CVC rejects Lisa Lee discrimination claims

The firm has branded its former employee’s allegations as “nothing more than petty slights and trivial inconveniences”.

CVC Capital Partners has dismissed claims made by former employee Lisa Lee of sexual discrimination and harassment at the firm.

In a filing at the US District Court for New York’s Southern District, CVC claimed that Lee had “fractured relationships with co-workers” and her employment termination was a result of a reshuffling of the firm’s investor relations team that involved the firing of another, male, managing director.
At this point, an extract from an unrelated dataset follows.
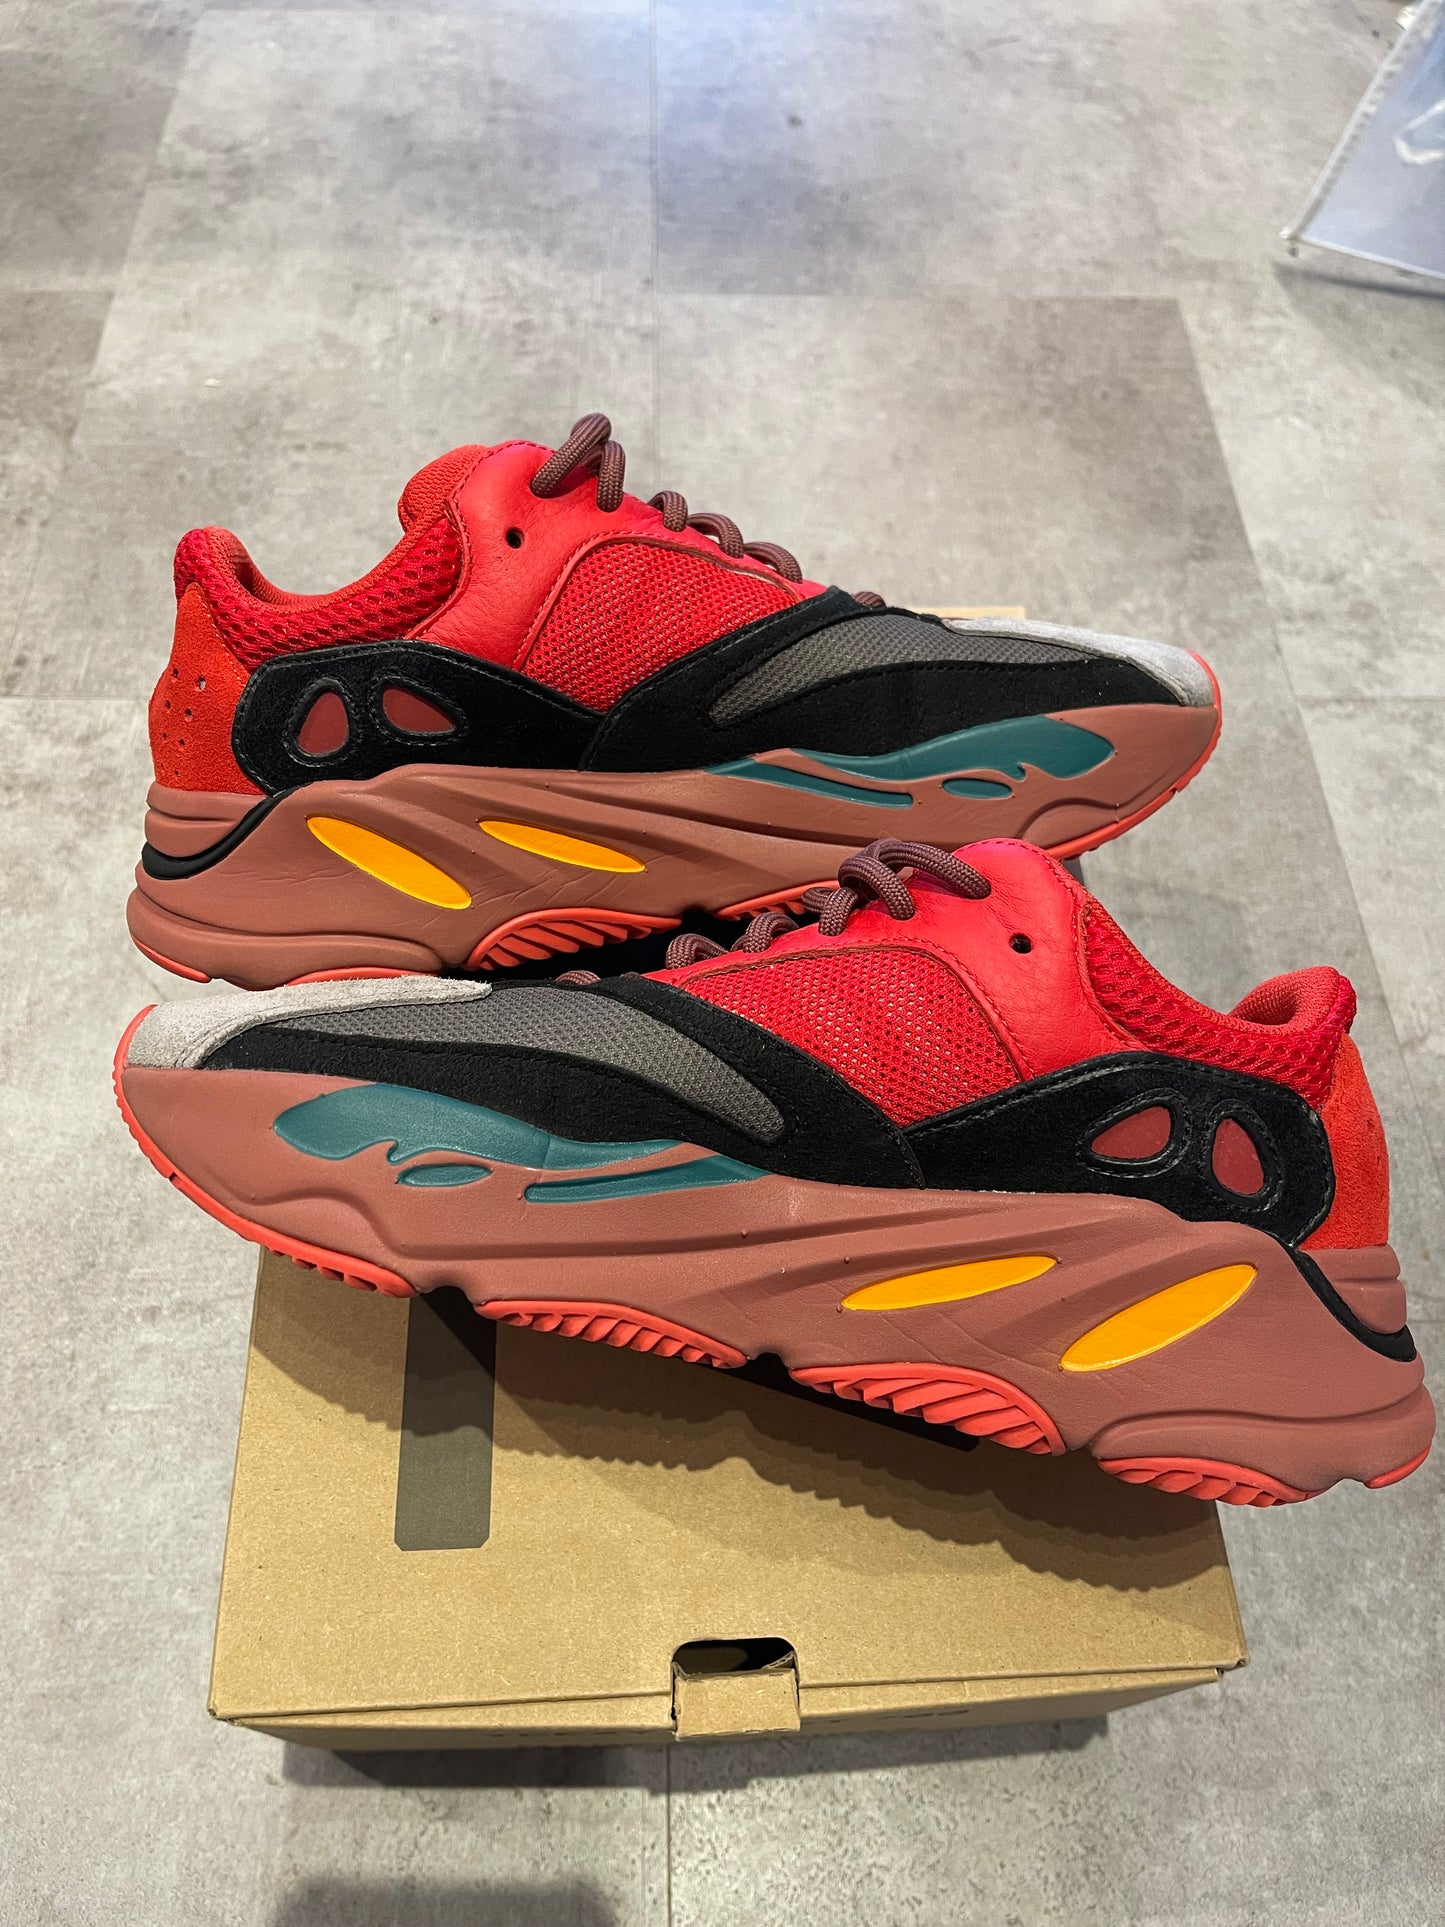 Adidas Yeezy Boost 700 V1 Hi-Res Red (Preowned)

Responding to Lee’s allegation that the male managing director was also of Asian descent, it added that while he was of Indian descent, his replacement was of Egyptian descent.

CVC also said Lee was not promoted to senior managing director because of her “relative experience (she had only been promoted to managing director in 2012), performance and poor relationships with other team members”.
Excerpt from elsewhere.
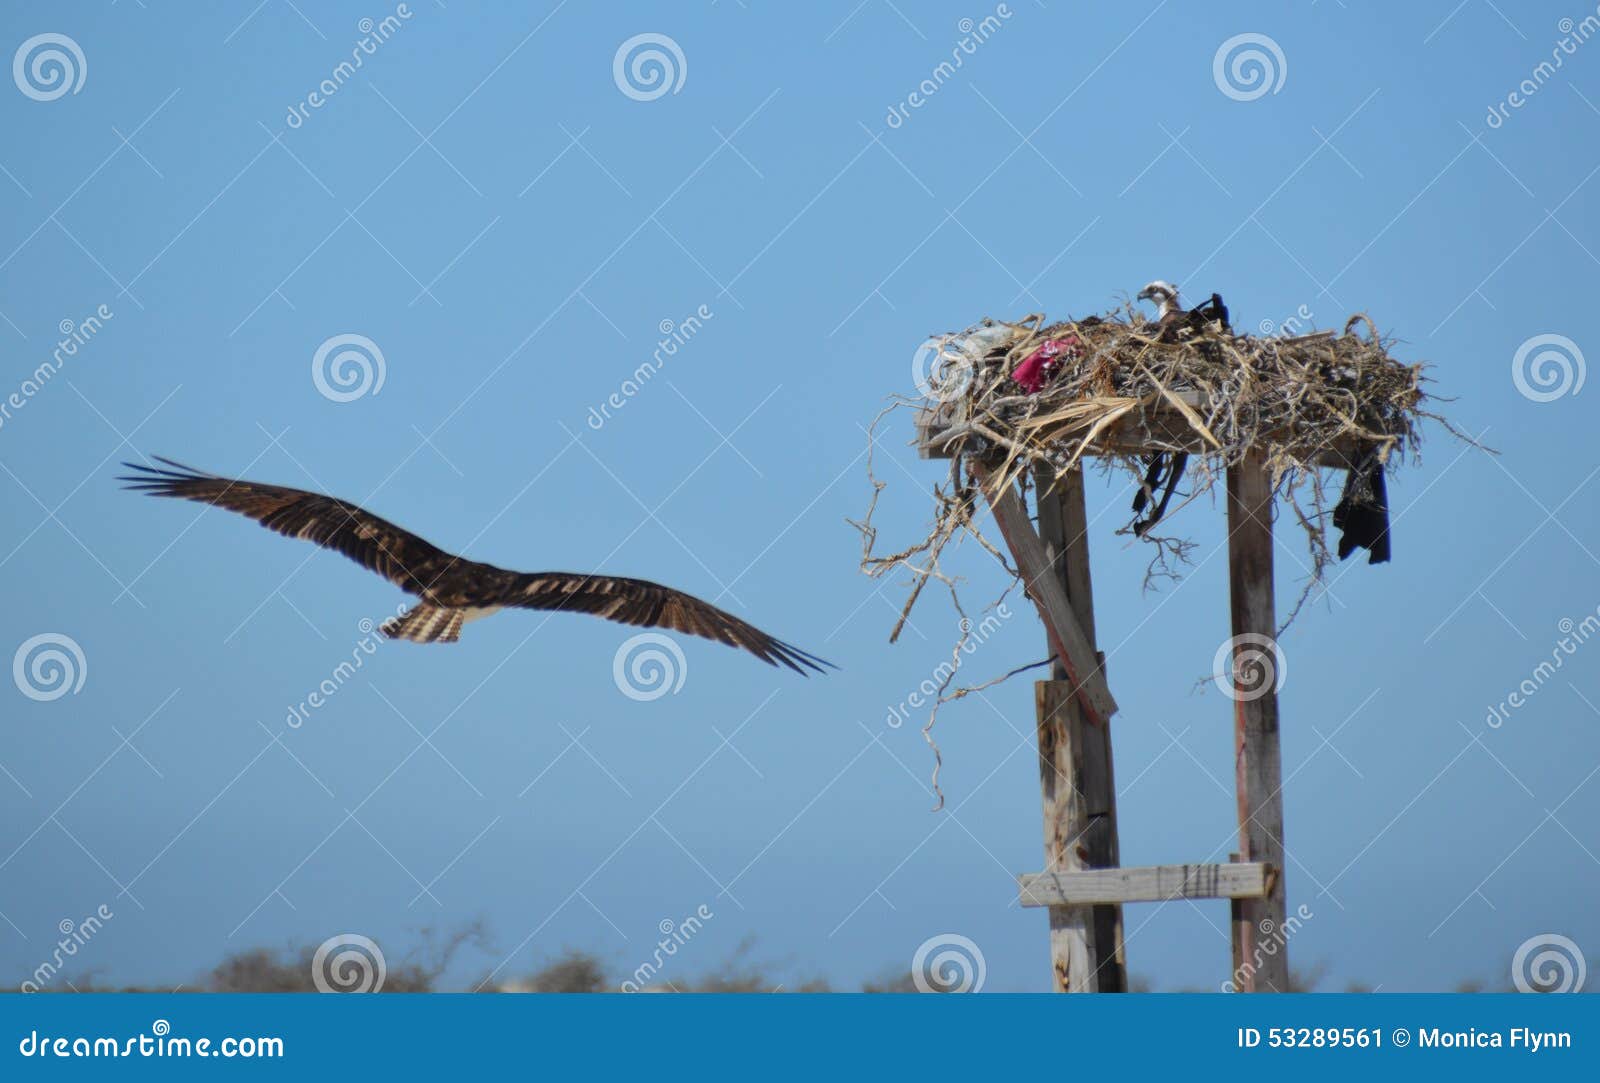 osprey flying to the nest in guerro negro in baja california del sur, mexico

It claimed that, in the past decade, only one managing director in the investor relations team had been promoted to senior managing director, and that Lee’s compensation was the highest of any of the investor relations managing directors, male or female.

CVC added that while the firm hired an executive coach in September 2014 to work with Lee, this additional help did not have “any meaningful change” in her working relationships at the firm.
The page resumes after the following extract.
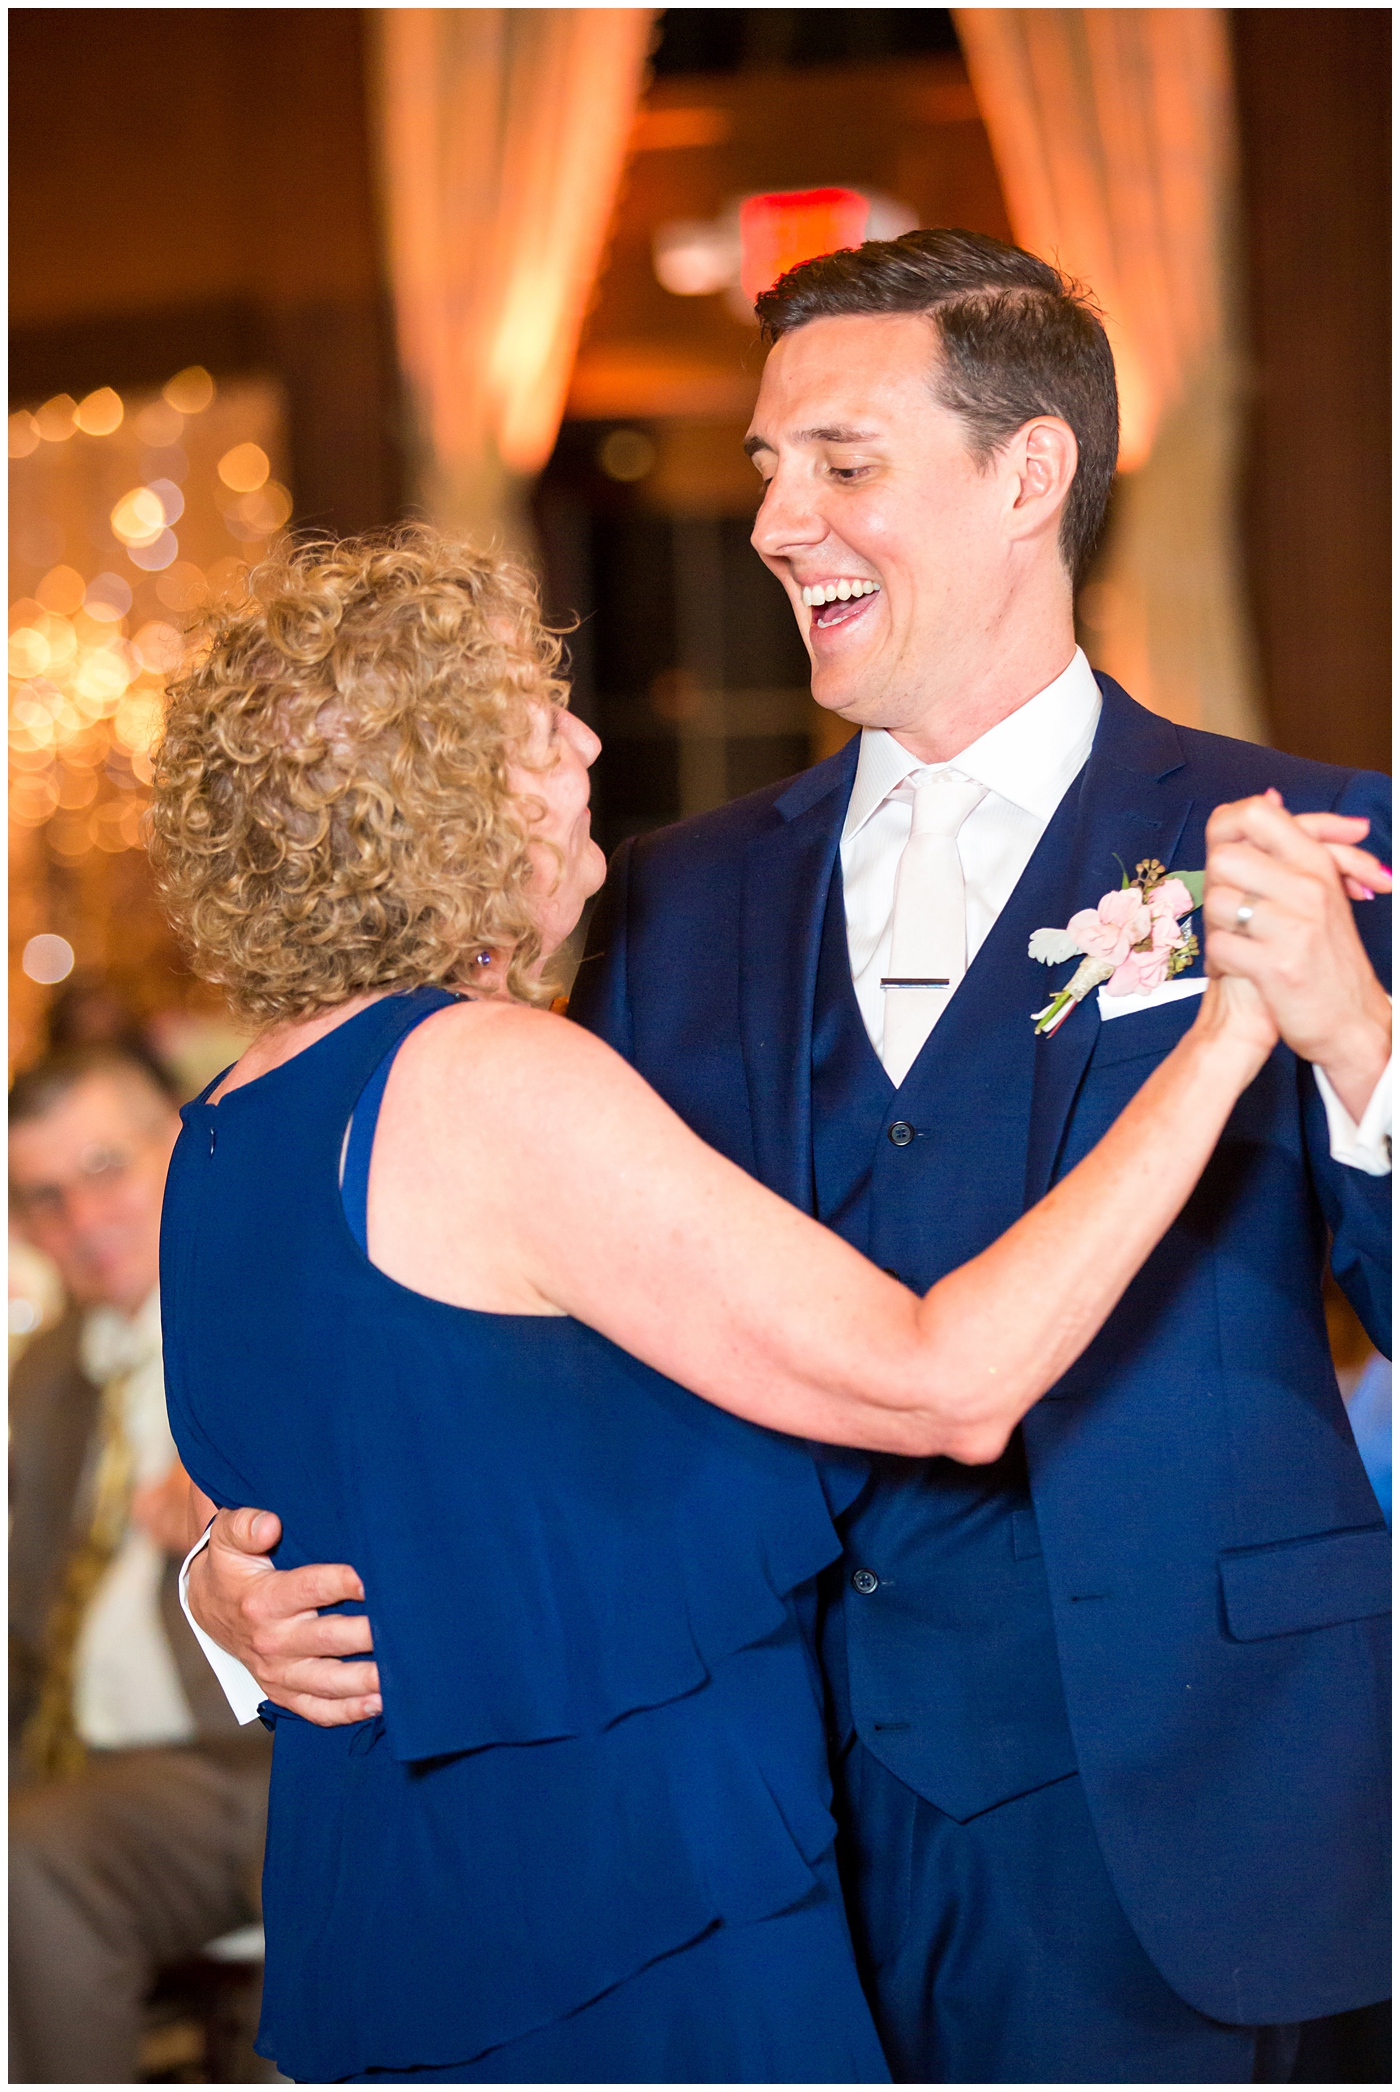 groom in blue suit with rose boutonniere with mother for mother son dance in ballroom reception

Regarding Lee’s claim that CVC tried to take away her accounts while she was on maternity leave in 2012, the firm said that at the time it was preparing to launch its “largest and most complex fundraising” and had sought Lee’s comments on its proposal for temporary coverage of her accounts while she was on leave. 

The firm also said that it had introduced Lee to investors when it agreed to relocate her from London to New York in 2009, because she did not have deep existing relationships with investors in North America.

Lee had also alleged that, when she left CVC, the firm denied her deferred compensation, claiming she was a “bad leaver”.

According to Lee, this resulted in her losing more than $10 million in equity compensation, as Private Funds Management reported in January. 

In response, CVC said that when Lee left she was reminded of the firm’s shareholder agreement terms, which stated that all unvested and two-thirds of vested shares would be forfeited if a person joined a competitor of CVC within two years of departure.

Lee, who is now a managing director of business development at the $45 billion Providence Equity Partners, says she joined Providence in a capacity “that is not competitive with CVC”.

CVC responded that Providence is “another private equity firm which is a direct competitor to CVC”.

In response to CVC’s filing, Lee’s legal counsel, Outten and Golden, said that the firm was trying to “rewrite history” by dismissing the complaint to cover up alleged gender discrimination, maternity leave violations and harassment by a male CVC employee.

Outten and Golden stated that Lee “will prove her claims” and demand a fair culture for women at CVC.